Operating in the Shadows: Extremist Collective Publishes Guide for Illicit Organizational Survival

Executive Summary

A new operational security manual, The Briarthorn OpSec Guide, was released in 2025 by an anonymous collective through the No Trace Project. The guide is a tactical blueprint for operating an illegal activist organization while evading law enforcement in the UK.

Analysis

The Briarthorn OpSec Guide, published via the No Trace Project in 2025, is an openly subversive manual that offers step-by-step procedures for establishing and maintaining a clandestine activist organization. Explicitly targeting individuals engaged in unlawful actions, the guide describes in plain language how to travel undetected, avoid surveillance, manage sensitive communications, and eliminate digital traces — all under the premise of resisting state power.

The guide prioritizes two key concepts: threat modeling and defense in depth. Threat modeling helps actors assess their exposure based on what adversaries — primarily UK police — can realistically do. Defense in depth assumes eventual failure of security measures and builds multiple layers of redundancy to minimize damage when a breach occurs. This dual structure reflects operational philosophies used by insurgent or extremist cells globally.

Among the guide’s procedures are instructions for buying goods anonymously (both online and offline), sending mail securely, laundering money, using encrypted communications, hiding digital or physical materials, and managing arrest scenarios. Messaging strategies focus heavily on Signal, while browser anonymity and cryptocurrency best practices are detailed through tools like Tor, Tails, and Monero. For higher-risk actions, the guide outlines “Paranoid” procedures such as rotating burner phones, storing items offsite, and avoiding metadata leaks.

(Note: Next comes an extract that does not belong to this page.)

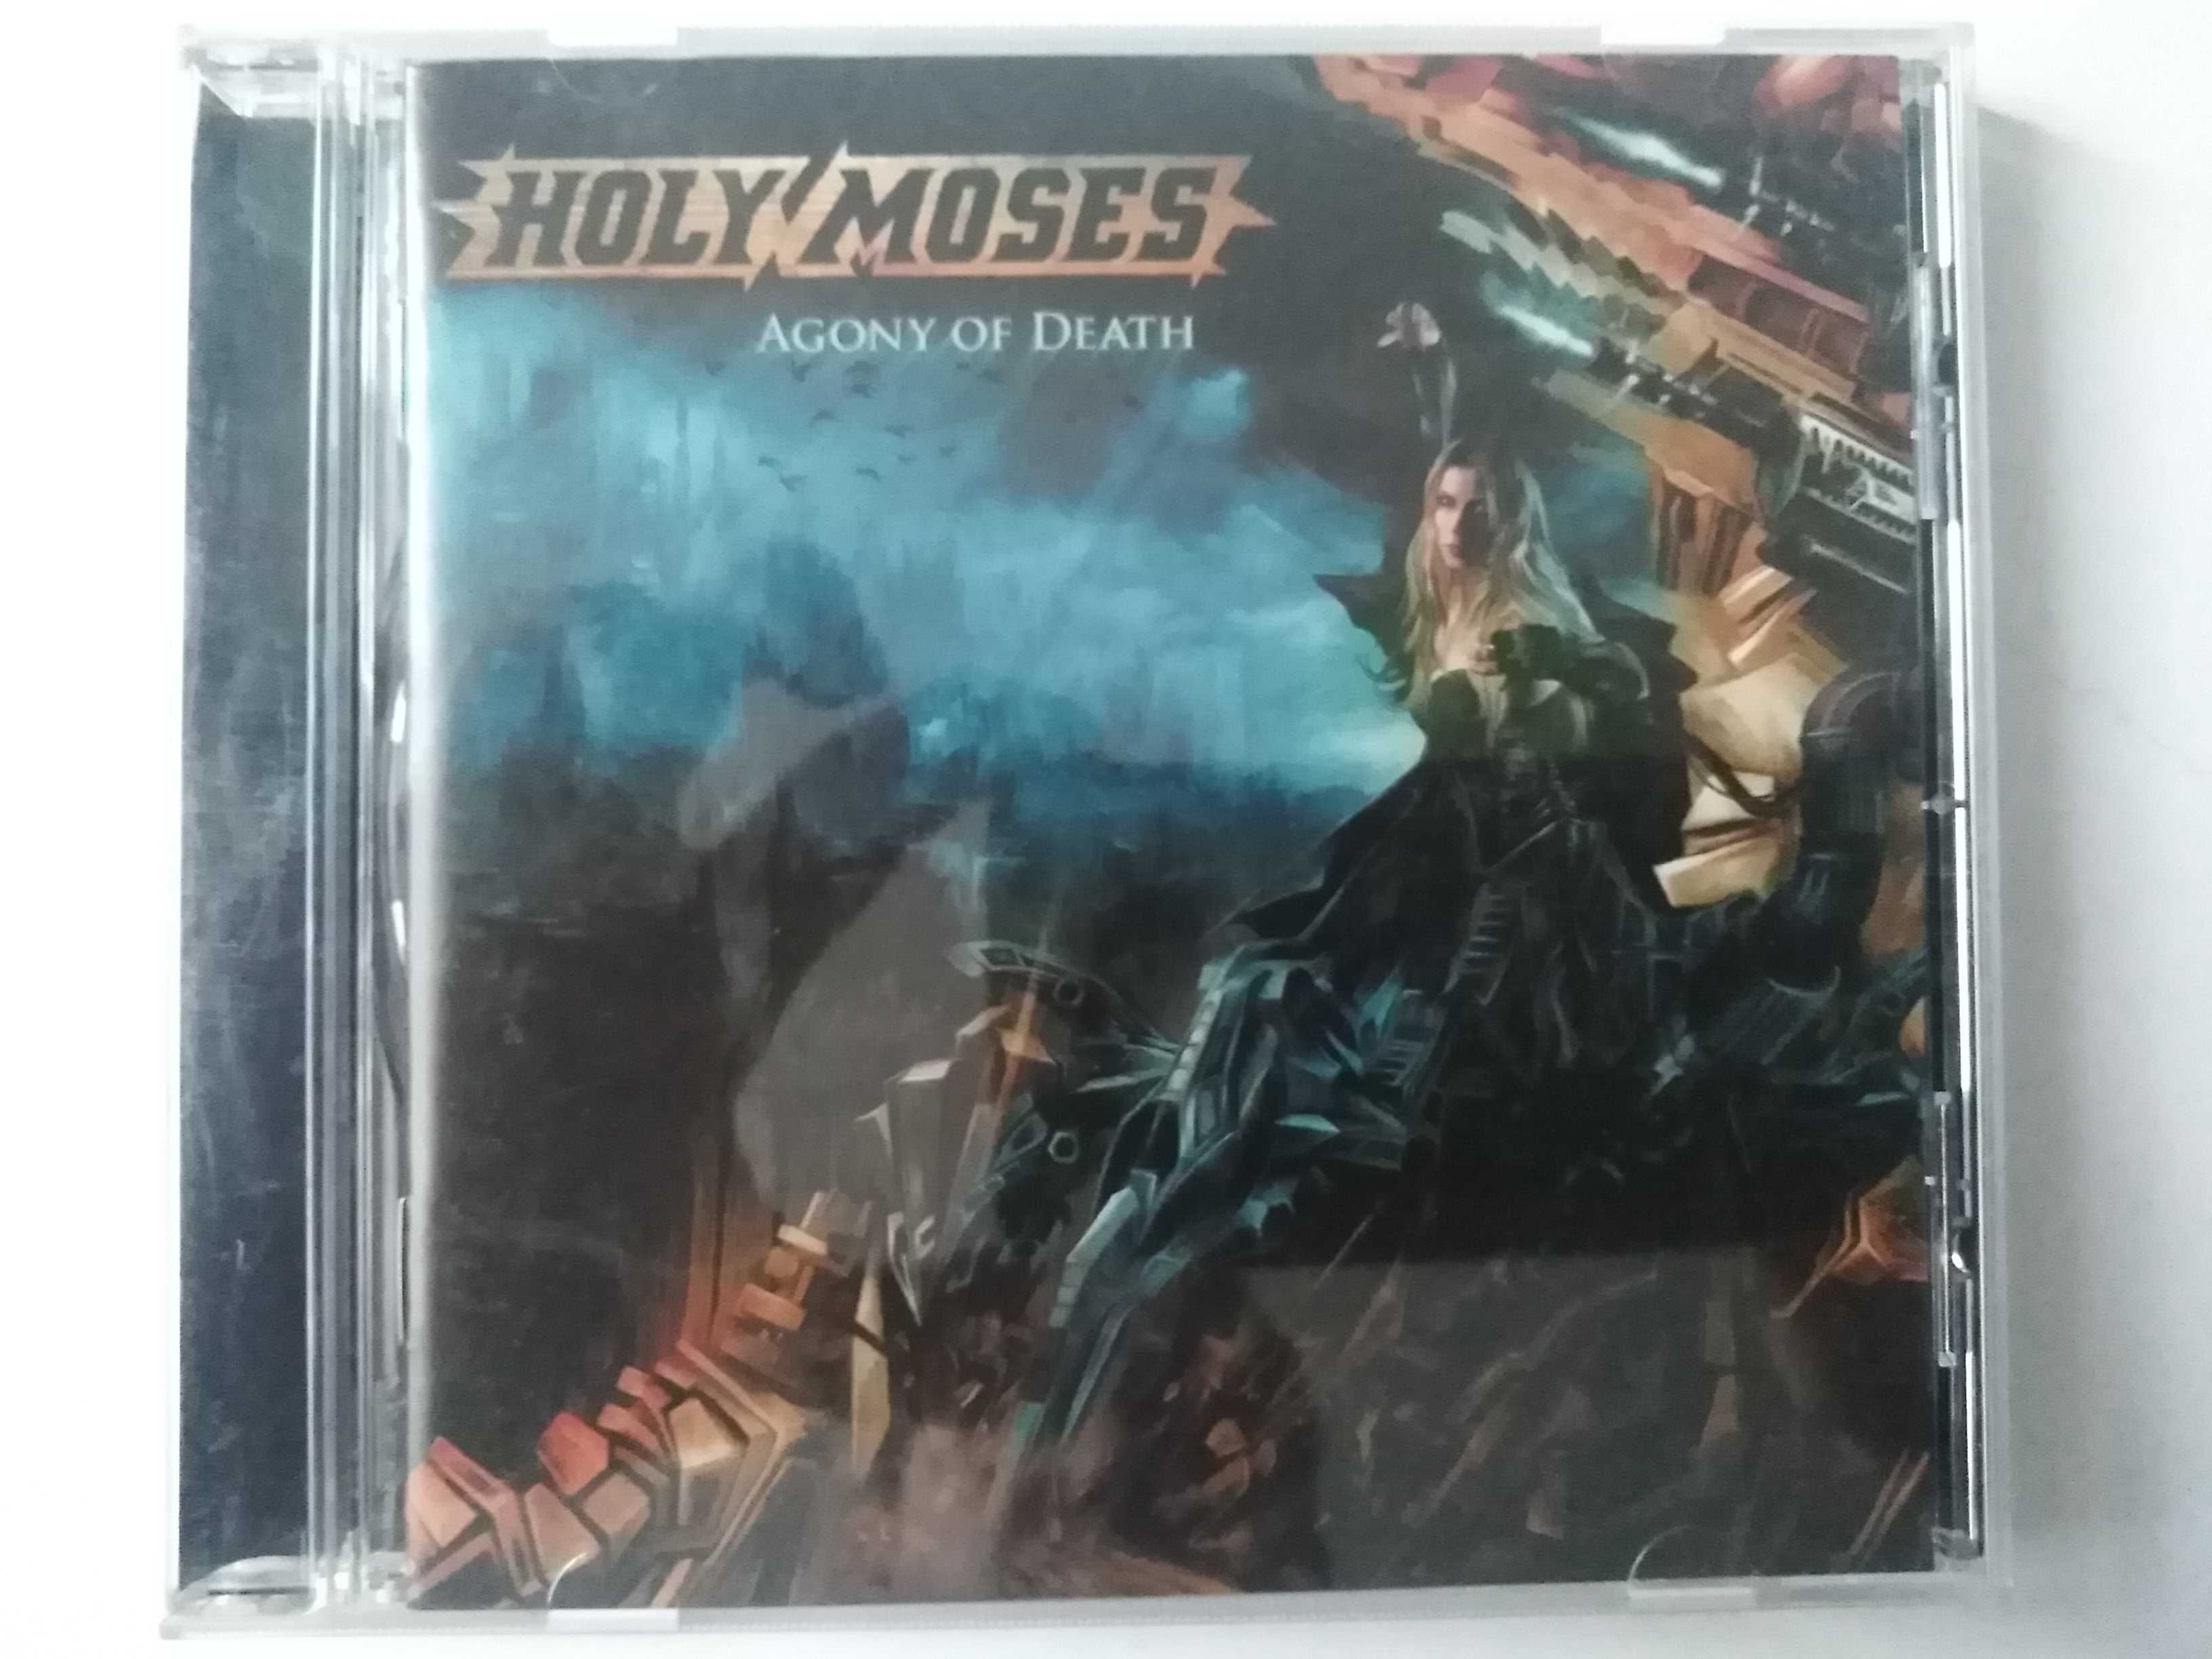 Audio CD Holy Moses "Agony of Death 2008"

The authors caution users not to become paralyzed by security concerns, urging them to act despite imperfect setups. This emphasis on “doing over perfecting” reflects a movement mindset: resistance must continue even under threat. While the guide avoids any direct ideological labels, it is built for those who operate outside the law in pursuit of political or ideological goals — making it a potential threat multiplier for radicalized cells or lone actors.

Its publication through No Trace Project, a known anti-state resource hub, and its unapologetic framing as a tool for “illegal activist organisations,” position this guide not as theoretical advocacy, but as a manual intended for real-world subversion.